Never. Been doing it years and most of my old CPUs go to friends / family and they are all still working fine. I should know because its me they will come to to fix em :)
 
We have all heard stories about how overclocking can *DESTROY* your hardware, Melt or Degrade your CPU etc but it's never happened to me yet (touch wood)...

I tend to think such stories are mostly rubbish. I've been overclocking for over 15 years and never killed anything. This has included a P60 at 66, P150 at 187, Celeron 300A at 464, Thunderbird 1GHz at 1.4, P4 2.8 at 3.2, E4300 1.8 at 3.2 and E2160 1.8 at 3.2.

RAM, motherboards, video cards have all been overclocked without problems. I kept each of those systems for at least 2 years...

My rule of thumb, if it's stable it's FINE.
 
have had my 5000+ BE on extreme volts... high speeds and it's still working fine in other machine... cooled by zalman 9500... that might of helped x] that was when i started overclocking..
 
being sarcastic? :confused:

A little, but I think something may give.... I have a Foxconn X38A which is a b*tch to overclock the only way I can get to 4GHz is by running my ram at 1780MHz not sure if the mobo will handle it though!

Getting back to the thread, I did once fry a graphics card (I forget what it was) I remember it had 4MB and 2 slots to install extra memory by pushing new chips in.. In my inebriated haste I put the chips in the wrong way round and when I fired her back up was met with the unmistakeable smell of burning PCB
 
I retarded an early P4 Northwood under my first phase change box .....not terribly high volts but it got to the point where it wouldn't even stay stable at 500mhz :) SNDS was very real.

But generally i find it very hard to kill a chip and i've had loads.
 
I fried a duron many, many years ago, but that was more the fact i hadn't put the heatsink back on properly after applying some more thermal paste having done a slight OC. When I turned the tower the right way up the HS came away from the cpu and a few minutes later it gave up the ghost and would not boot again.

Tried it on another pc and was definately toast.
 
The day before I received my components for my current pc, I fried my XP athlon 2000+. At least, I think I did. I couldn't get a POST, just fans spinning, nothing on screen. Probably didn't do it any good replacing the stock heatsink the wrong way round. :eek: One day I'll check it out and find out for sure.

sounds like ur mobo was grounded, maybe one of the screws or something. my moneys on it not being fried :)

haven't broke anything as significant as a cpu myself 'yet'!! hopefuly it will stay that way.
 
I fried an old intel pentium 2, not because I was overclocking, but because I tried to run it passively cooled in a case with no fans except the PSU fan.
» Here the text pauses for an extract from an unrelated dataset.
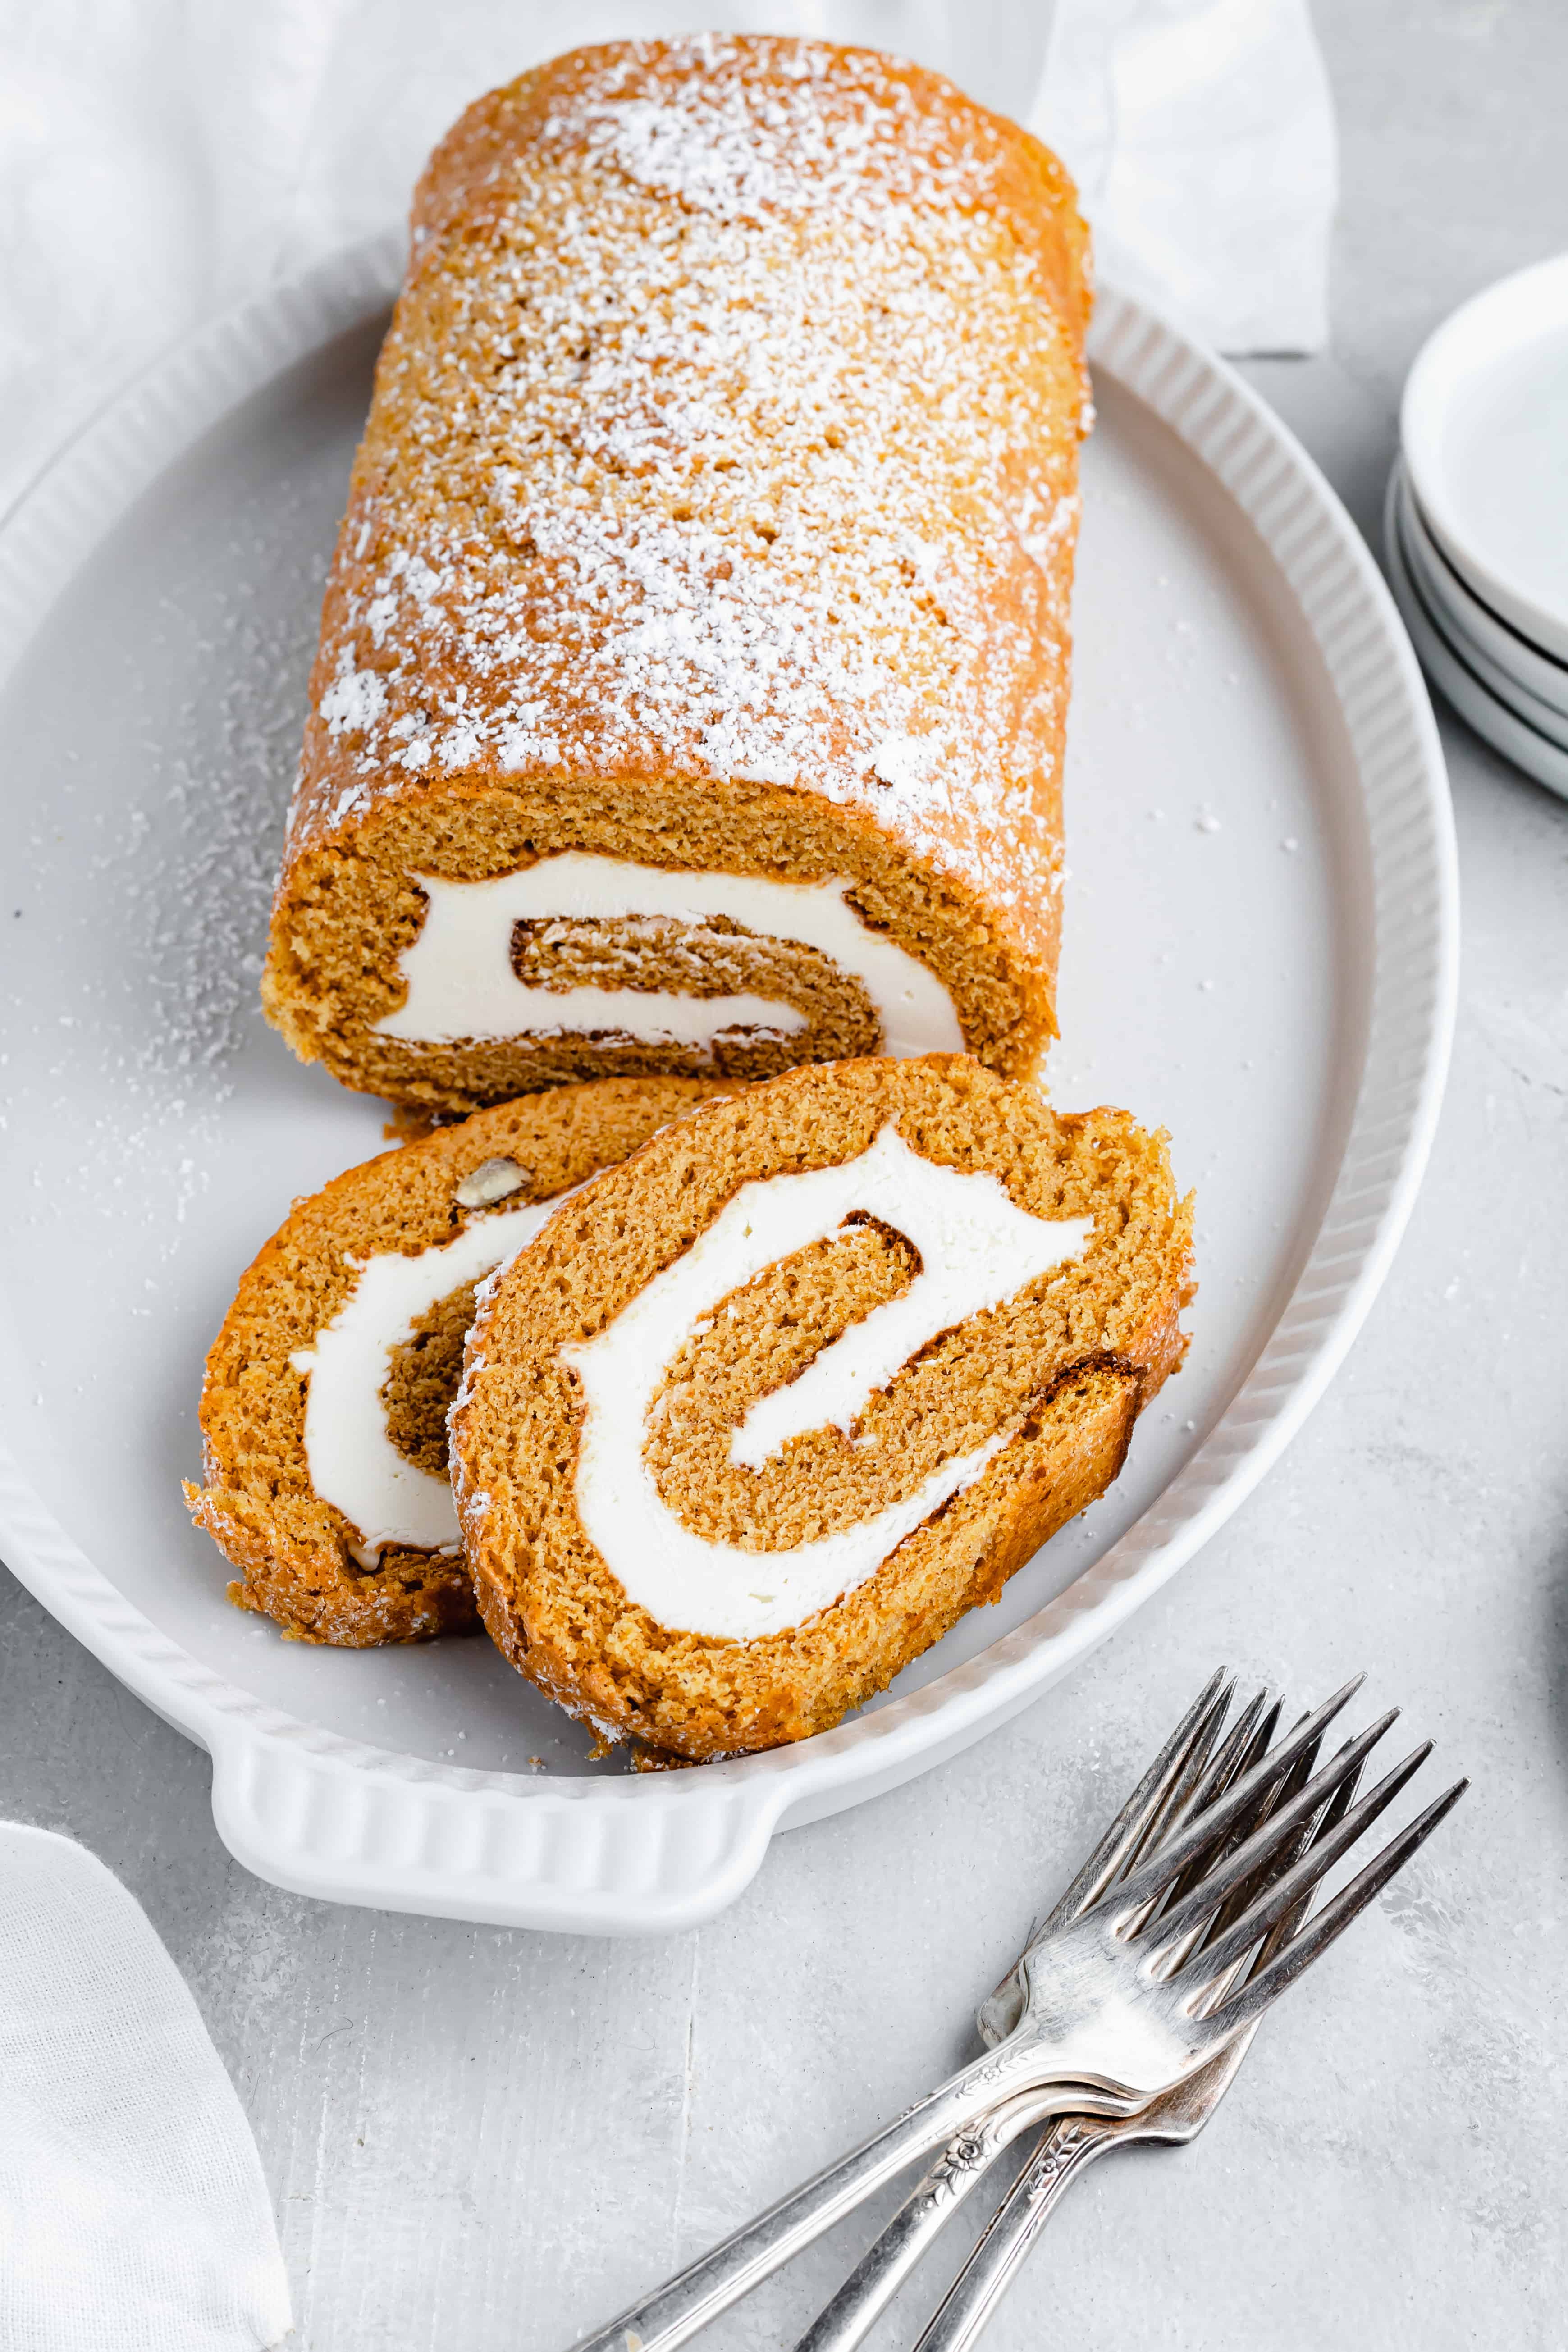 A pumpkin roll cake, dusted with powdered sugar, on a platter. Two slices have been cut and lie on the platter as well. Two forks are on the table nearby.

It worked for a while, but one day it was just too much for it and it just refused to post.
 
never killed any thing, but thought I had once when I was messing with some dives and shorted one out on the case , blue flash and a pop, then every thing whent quite lol.
put it in properly and hit the power button and every thing came back to life even the drive that shorted out lol.